I sometimes sit on my chair or lay in our bed, imagining what our children would look like. I know, one of them would for sure, have blue or hazel eyes, dark blonde or light brown hair. They could be total computer nerd, as much as you are finally able to admit these days. I know that one of our children will know how to cook, a skill they will gain from you. While another will be more of an artist, thankfully being more like their mother. One will, more than likely, want to be the center of attention at all times, and another will skulk all day long when things have not gone their way. I do know that all of our children, however many we have, will be the most helpful people they are, skills they have gained from both of their parents. One will be so negative about the world, pouting in their corner and another will be the cheap one, saving their allowance in their cute little, purple piggy bank. I just wonder when we can venture down this road, another topic I have to bring up
When those conversations are trying to be brought up, a wall seems to be put up on one of our paths.
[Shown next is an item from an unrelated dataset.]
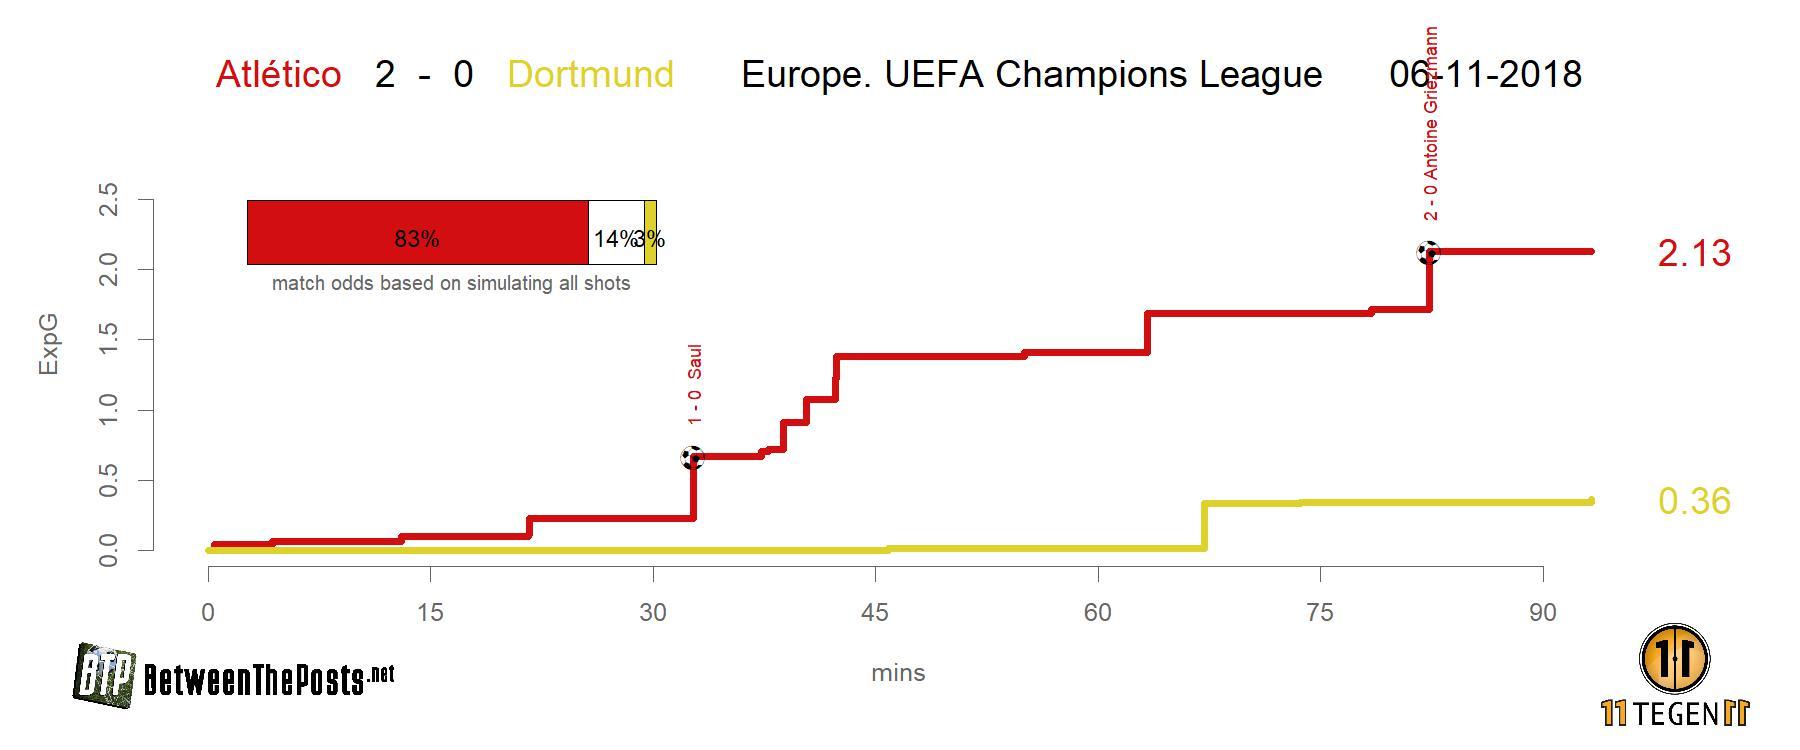 Expected goals plot Atlético Dortmund 2-0

Love, children, sharing the same name has been brought up in our relationship, when that time in our life is trying to be discussed, you sink back into your dungeons and dragons. After one of us grumbles something at the other, I then listen to you drone on for twenty minutes at your highest level possible about whatever was accidentally said, we separate into our own rooms. It’s always about money lately, a typical couple’s argument. I know this path in our life is not cheap, each penny you feel the need to pinch at. I know it is a big hump that we will have to work on, one that I apparently never contribute anything towards. But, I will turn my ears off if you’re just going to sit there and basically tell me how worthless I am.
It all comes down to the last person you think of at night. That’s where your heart is. My heart that I am willing to devote towards you. I know that life is tough, but darling, I know that you are as well. Maybe we just need to let shit go and start over. Just try to erase all what we were talking about today, as hard as I know that will be for you. You can’t let one tiny little dust particle that upsets you off your mind for two hours. Besides, I need to listen to you drone on about it, complaint after complaint. Then, I sit and I listen, because I love you.
I sometimes believe that you are the definition of negative. At times, I have a difficult time not falling off of my positive path. Nevertheless, when I sit and listen to you complain about one small thing that has made you upset for a half-hour, it does bring me down a little. So, find a way to uplift my spirit!
I know that I can make you smile. I leave you alone when you come home from work. I do welcome you home with my hugs of love, I can never stop wrapping my arms around you. I learn that you have a lot of fun when we go see our Elvis on Friday nights. We get to have a good time with the ladies that you work with, not to mention I get to gaze upon the glory of my new teen-crush (I love you more.) Yet, as soon as his last words are singing, your grey cloud returns and I do not know which path we are supposed to continue on for the evening to make your adorable smile continue.
Just keep that cute smile upon your face, my love. For I will always be the arms you can come to, even if you don’t need a thing.